I like ما المهمّة but the rest generally mean 'what's on your minds'.
In Egyptian this would be شغّالين على إيه, maybe that helps?


----------



## Schem

The first set of examples provided by Shafaq are not accurate translations. I second Ayed's suggestion, but you can also use وش قاعدين تحلون؟ or وش تشتغلون عليه؟ as more literal translations.


----------



## shafaq

Schem said:


> The first set of examples provided by Shafaq are not accurate translations. I second Ayed's suggestion, but you can also use وش قاعدين تحلون؟ or وش تشتغلون عليه؟ as more literal translations.

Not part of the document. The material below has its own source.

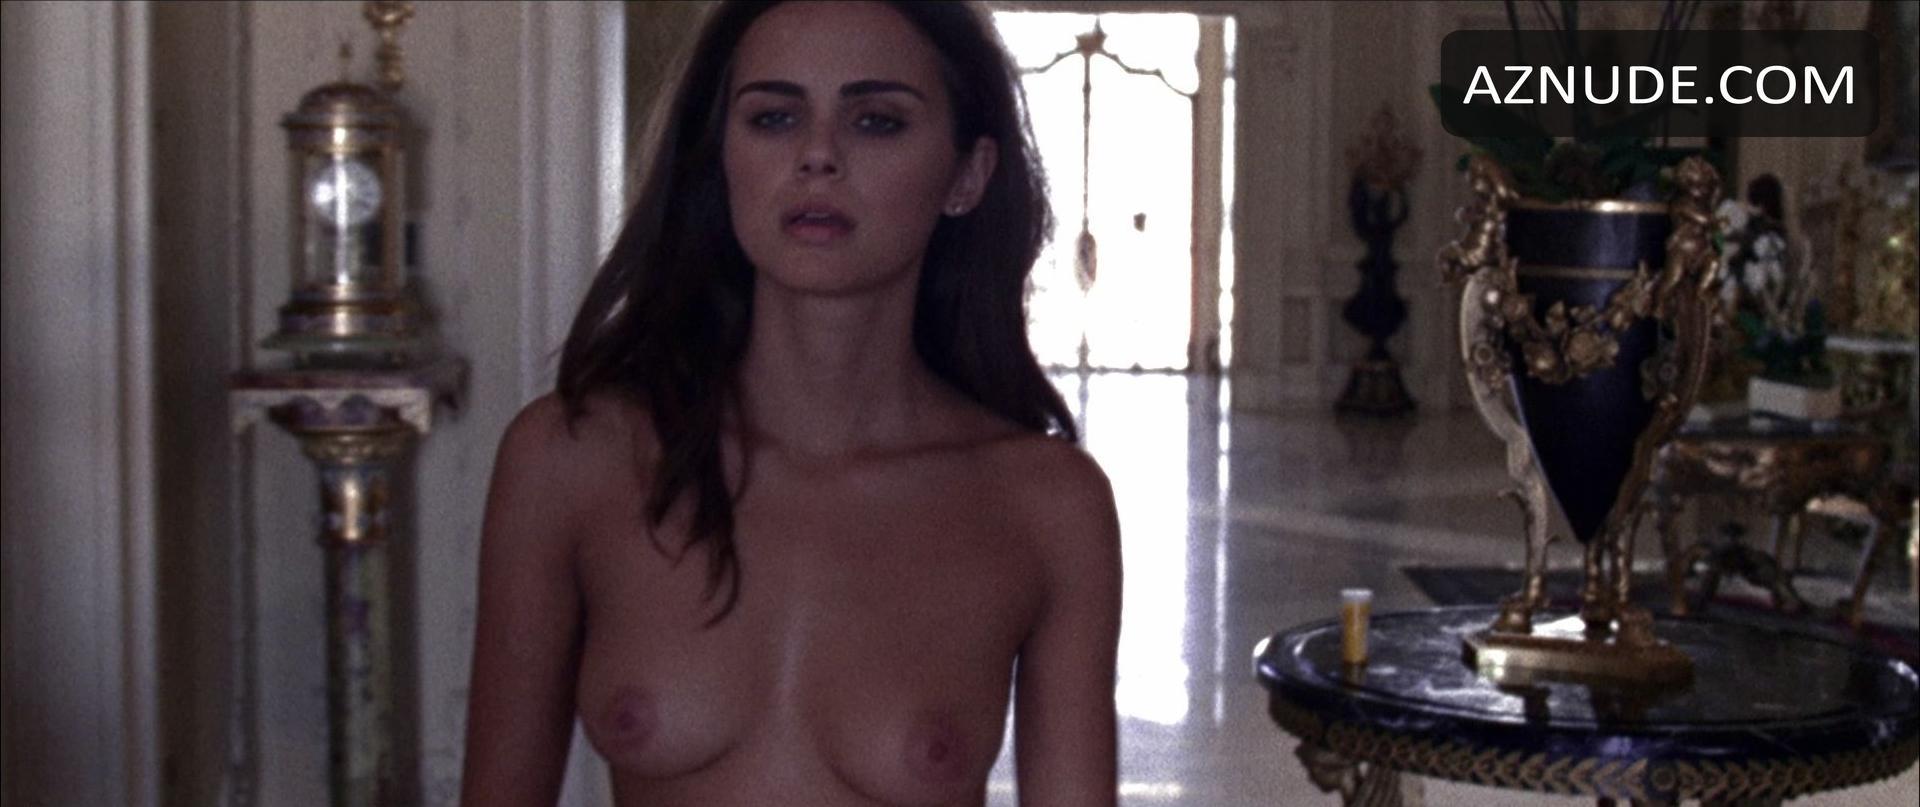 xenia deli nude

Instead of claming "not accurate"; you may make a condescension teaching all us what is the problem with them. However, we thank God because we are so lucky for that you didn't reply as "They aren't accurate but I don't know the accurate version .." like somebody here.


----------



## Schem

No need to get offended. I pointed that out for the OP to avoid using them.

Your first example roughly means "what are you interested in?" while الباء you used in the second example could be replaced with ياء for grammatical correction and a clearer meaning.


----------



## TheRiLi

pfffffffffffff; You all are wrong
the correct is : وش عندك؟1 (P. وش عندكم2/ F.P. : وش عندكن3 || some regions have also a F.S. : وش عندتس؟4)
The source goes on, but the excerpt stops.